_DATA SECTION:_
::::::
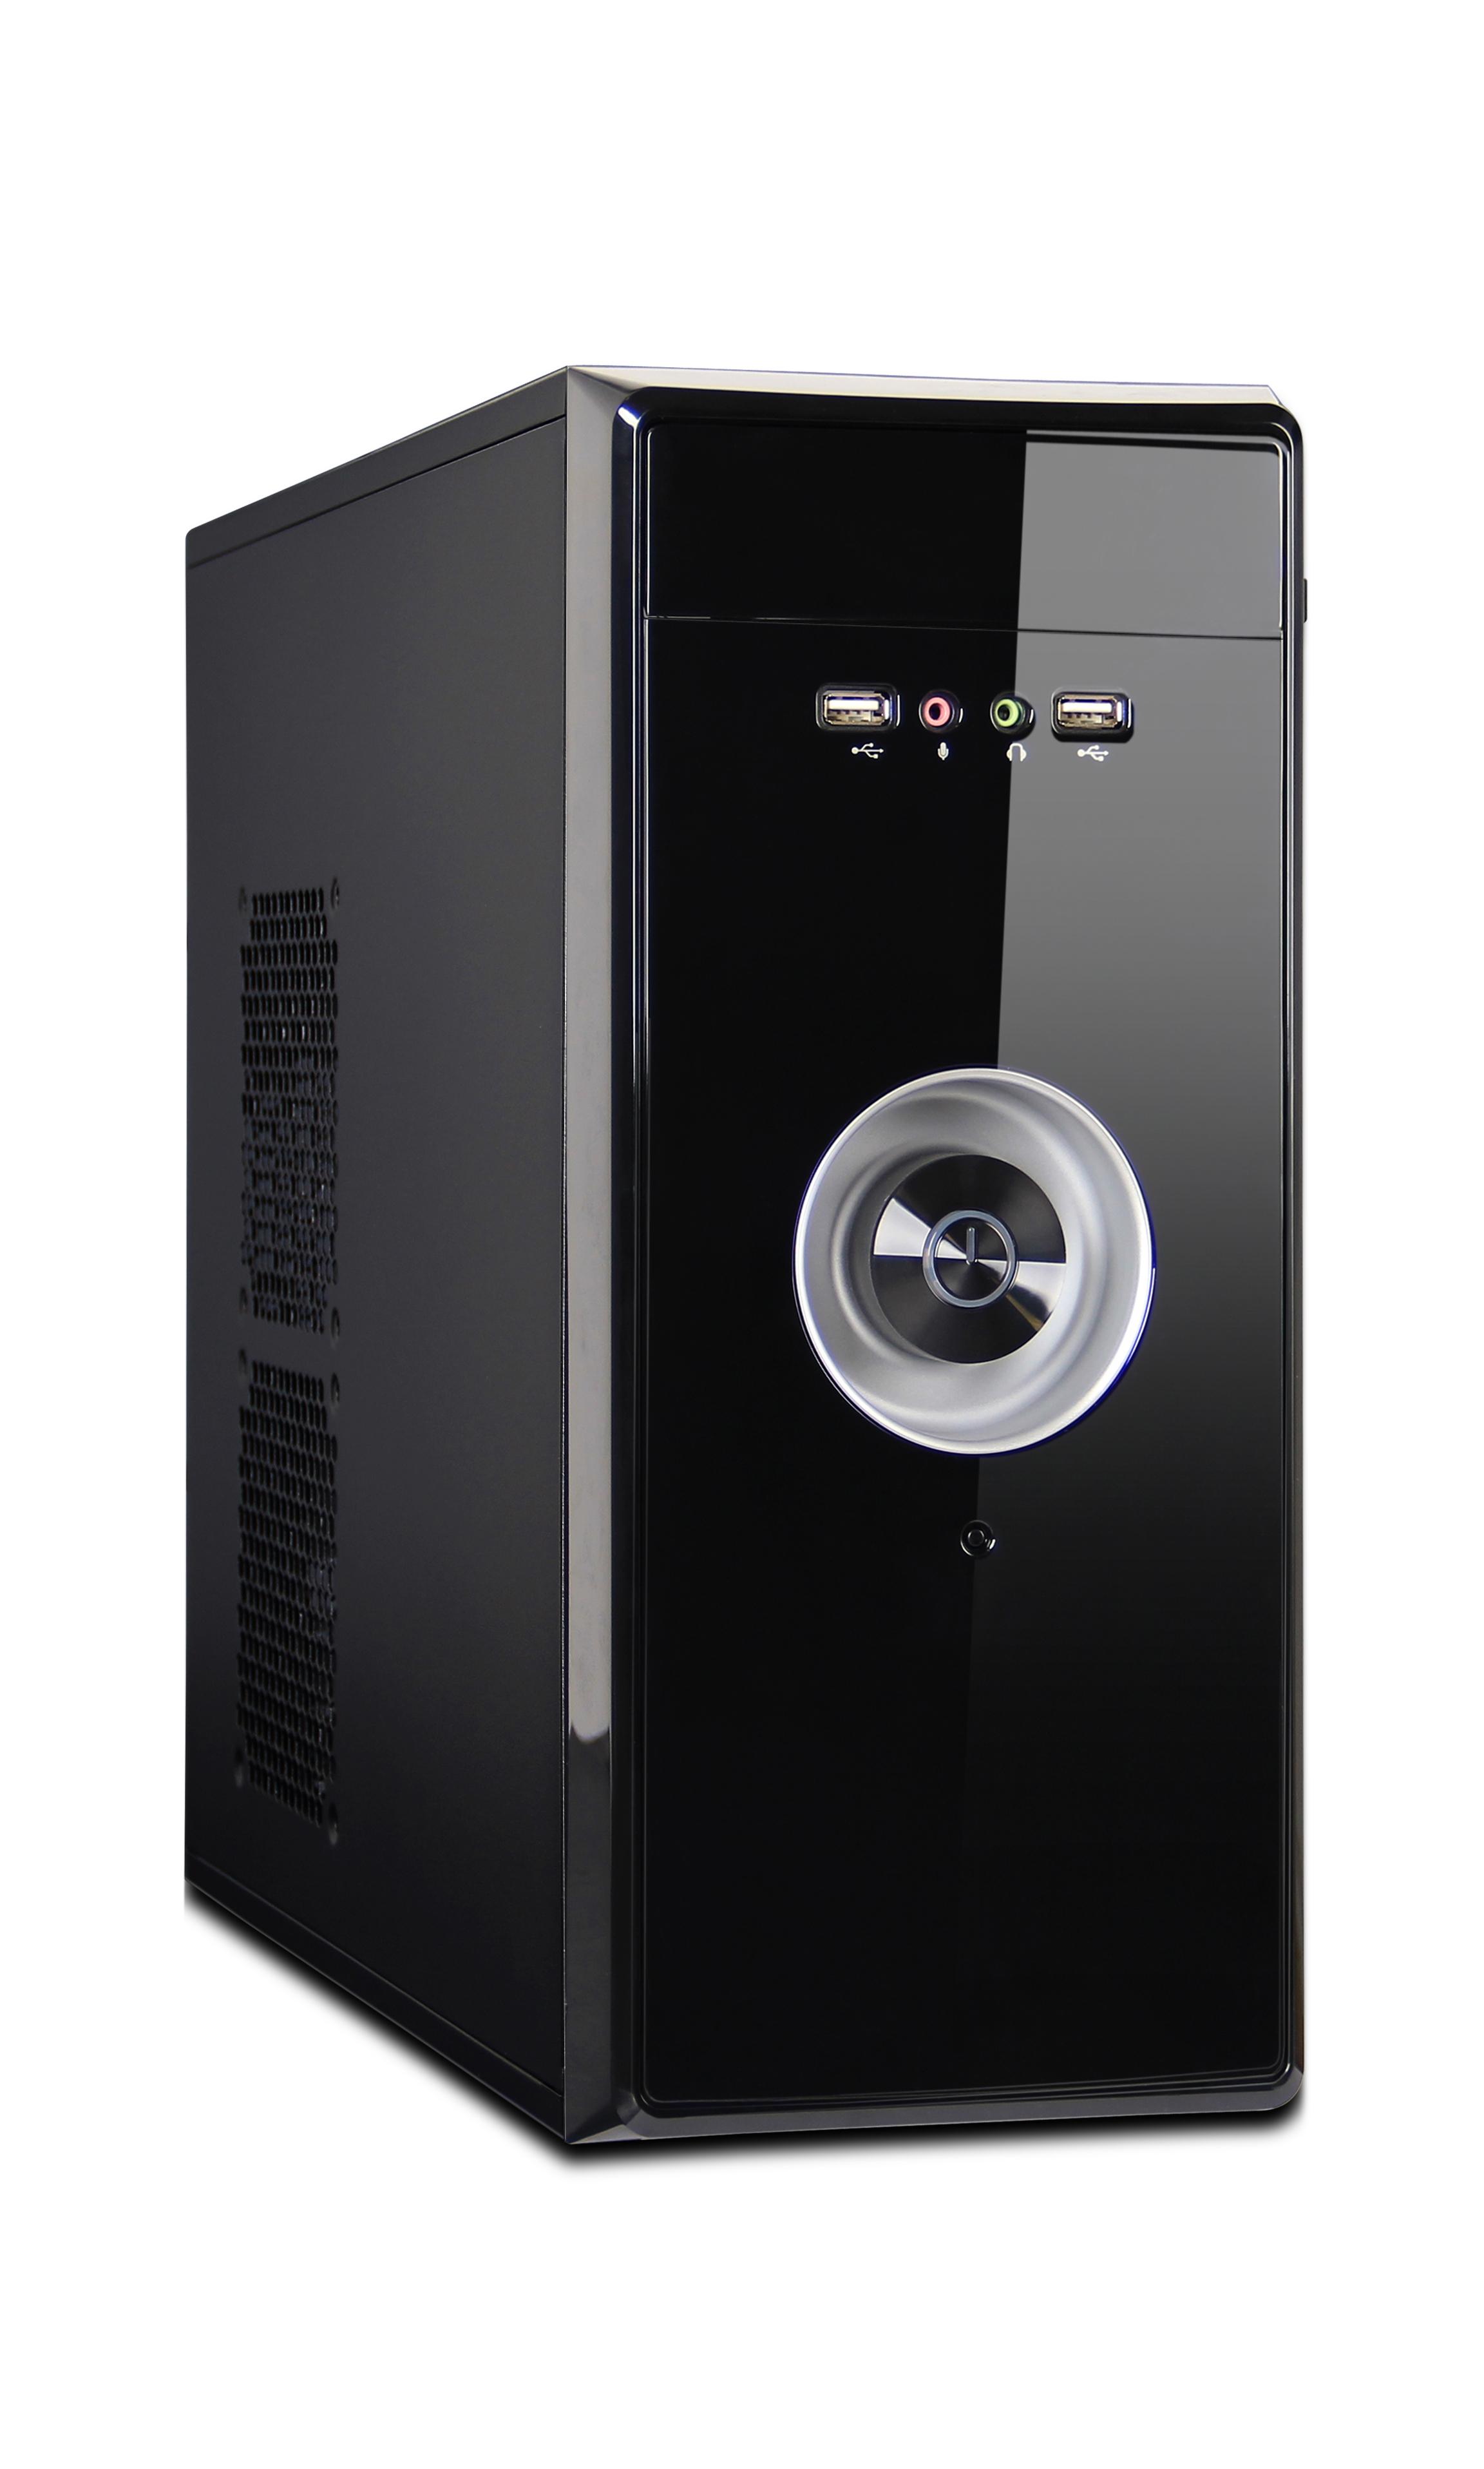 ПЭВМ Nautilus A02 Системный блок Black / AMD A6-7480 (Carrizo, FM2+, 3,5 ГГц, Radeon R5, L2 1024Kb) / 8GB / 500GB / noDVD / Win 8.1 Pro 64 процессор amd a6 7480 oem radeon r5 series 65w 2c 2t 3 8gh max 1mb fm2 ad7480aci23ab
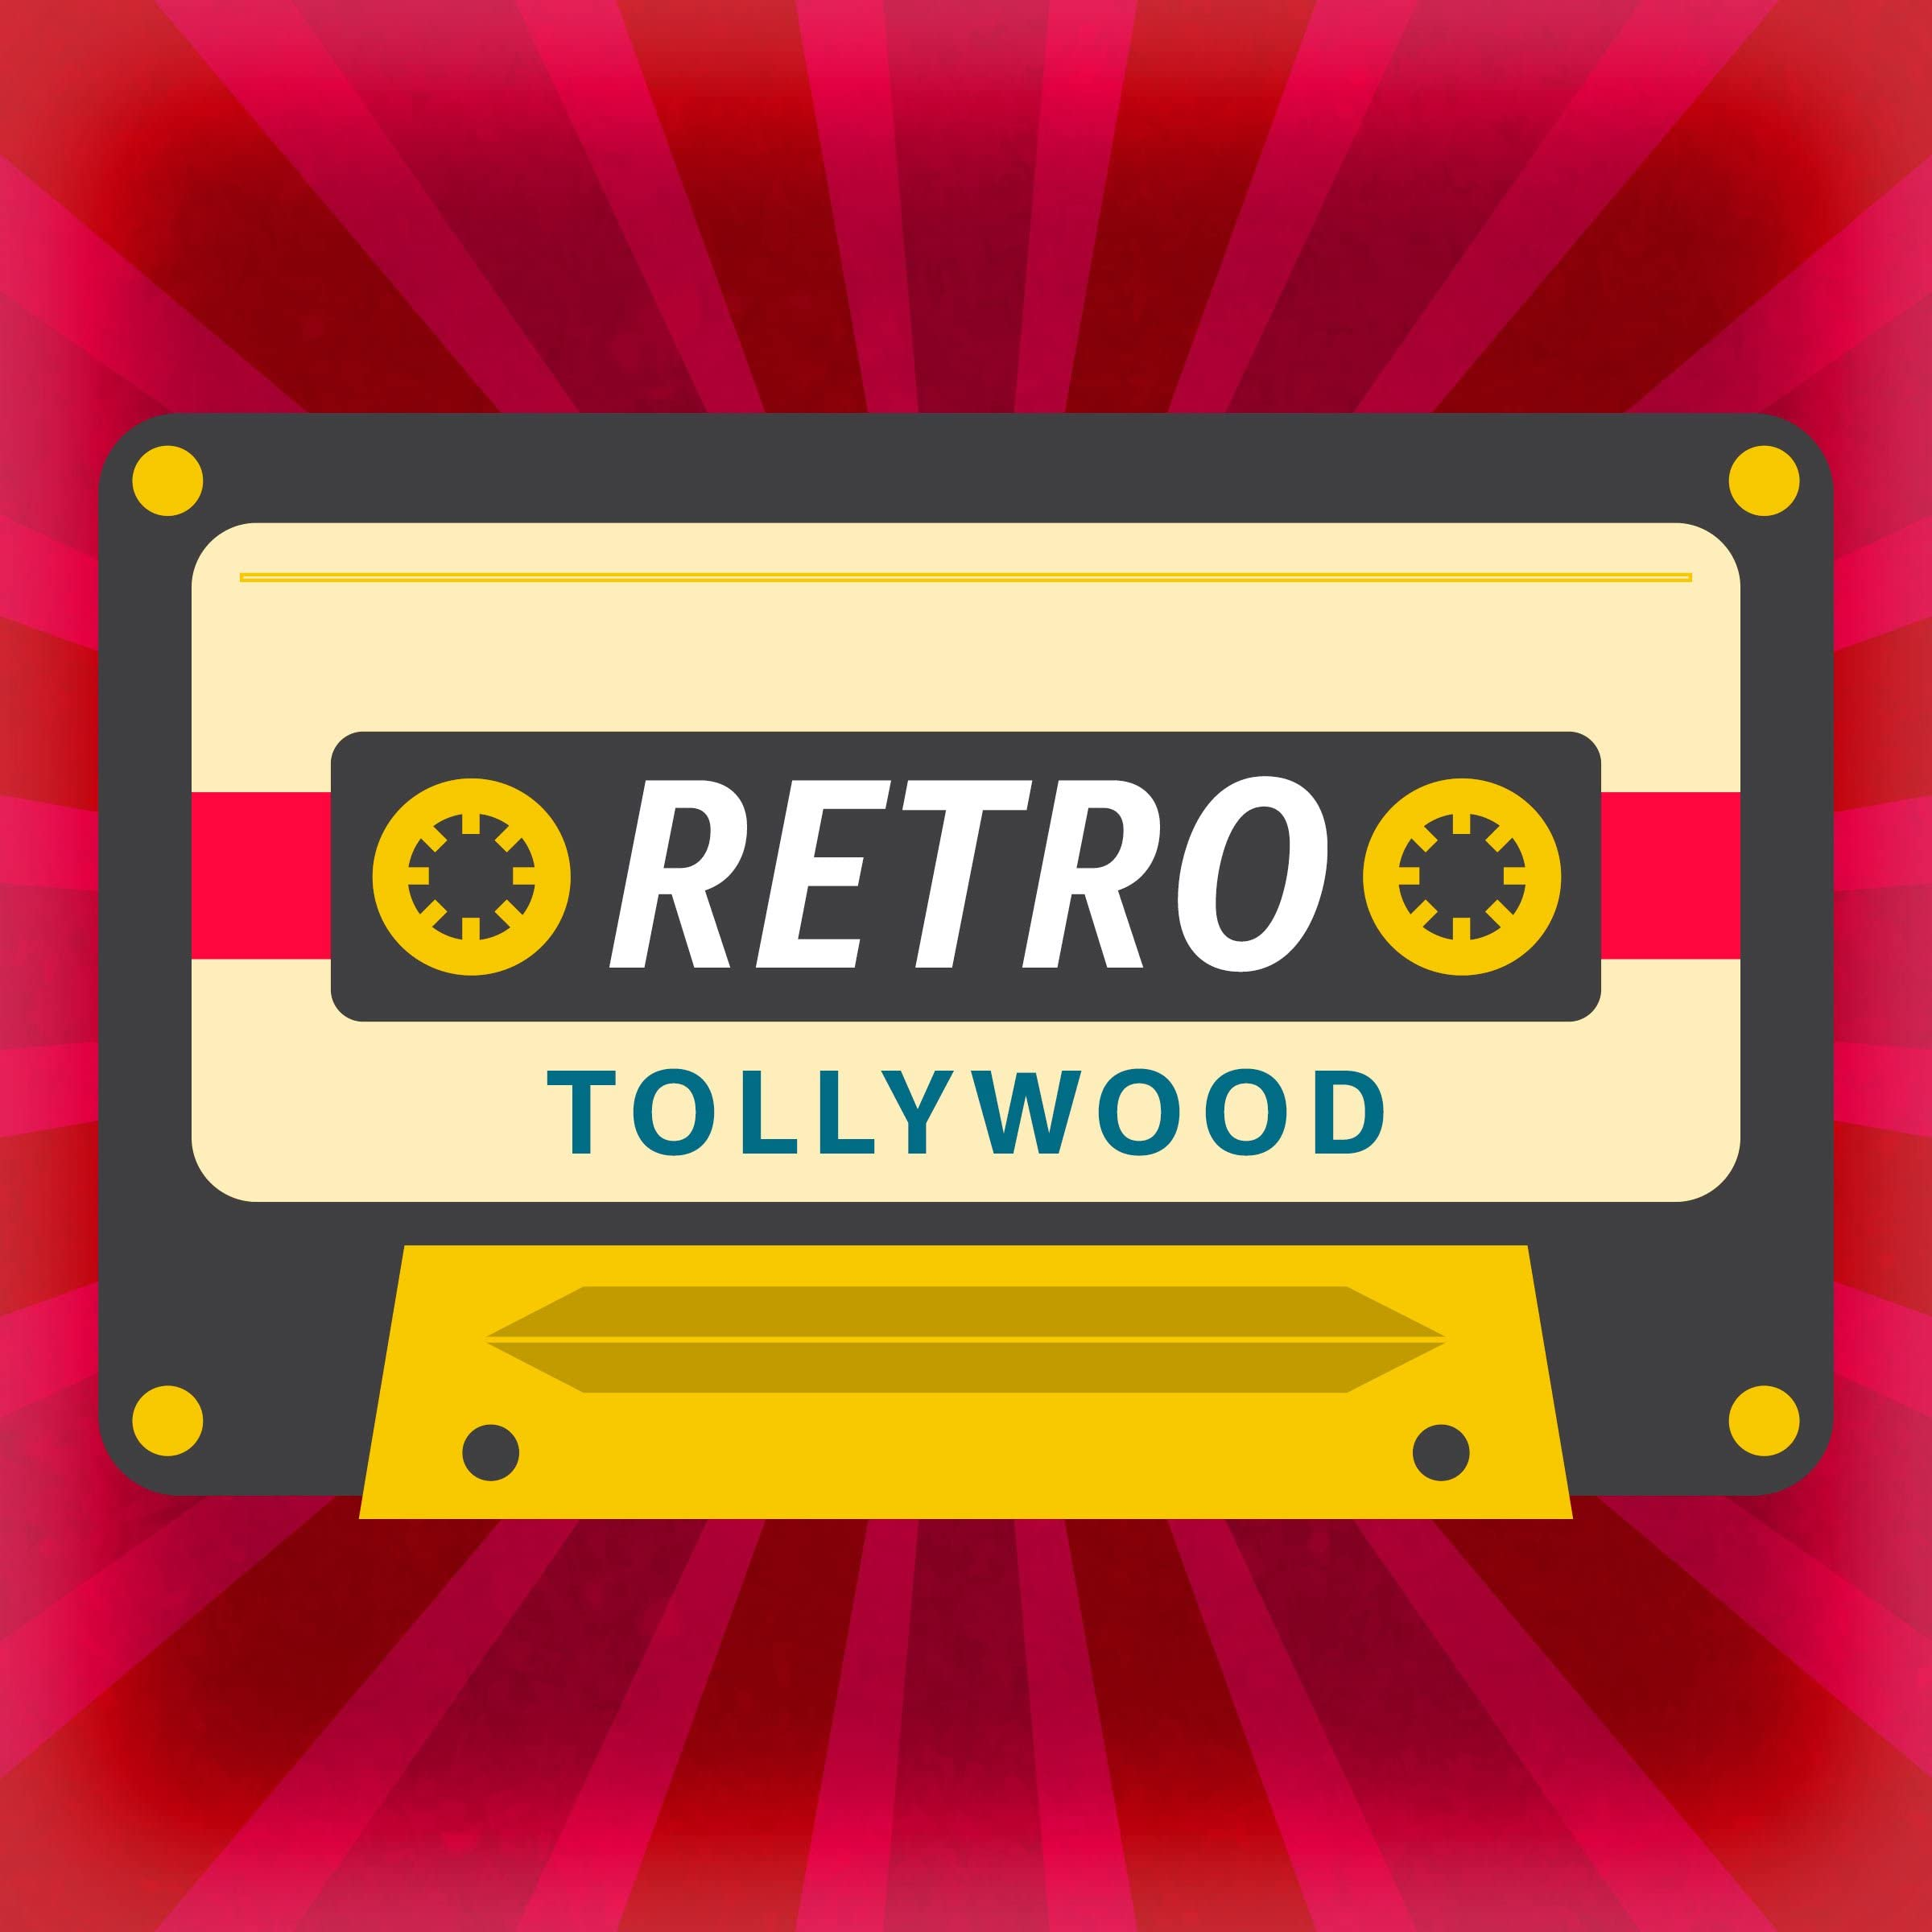 Retro Tollywood
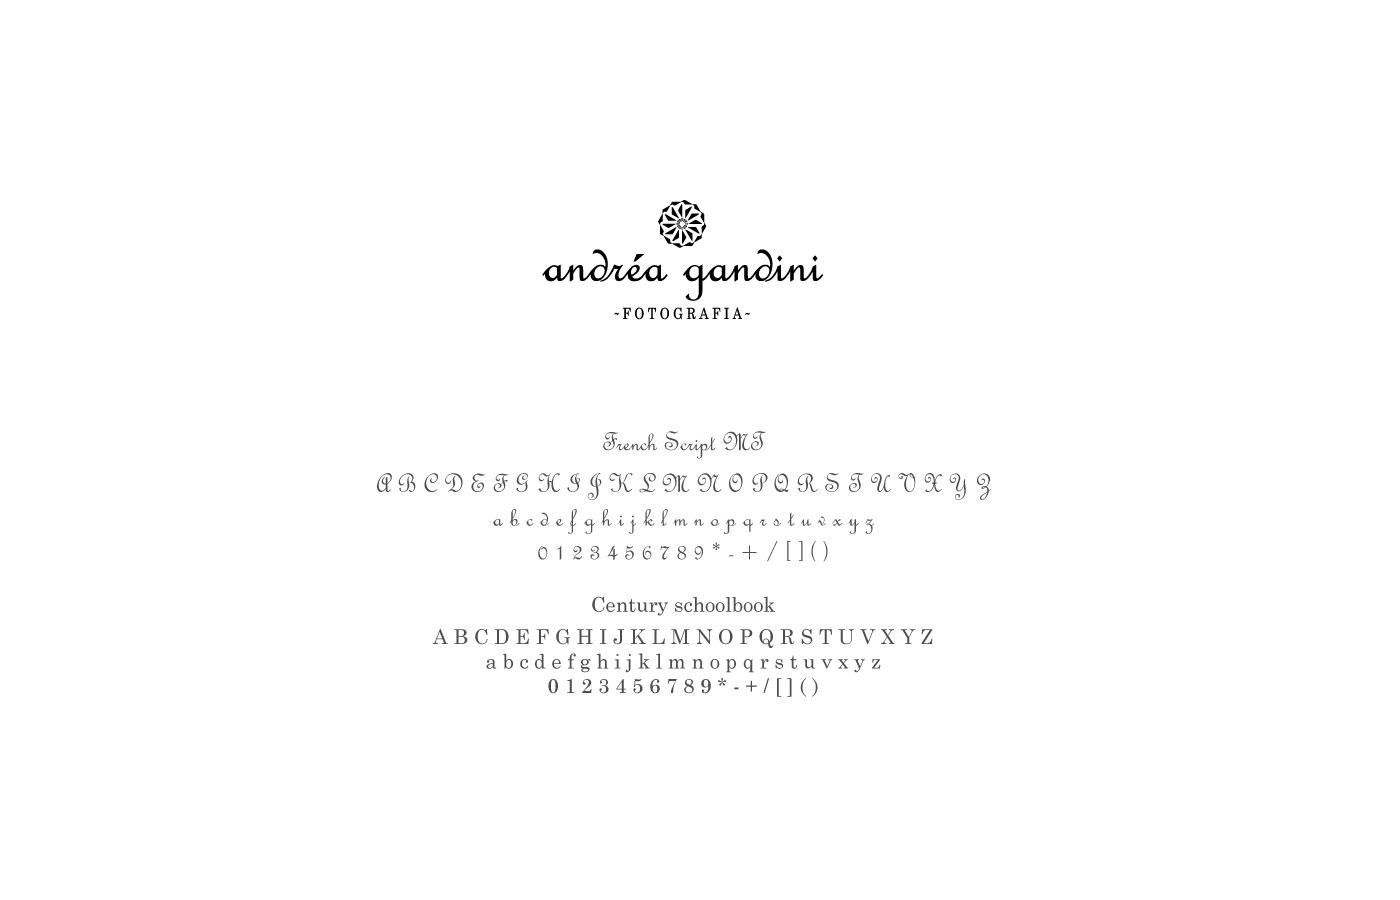 port-andrea-gandini-be-1400px-04
::::::
_PROBLEM REQUIREMENTS:_
To complete this exercise, repeat exactly the lines above from the one holding "Retro Tollywood" to the end of the listing, both included, and leave the pictures out.

_RESULT OF THE EXERCISE:_
 Retro Tollywood
 port-andrea-gandini-be-1400px-04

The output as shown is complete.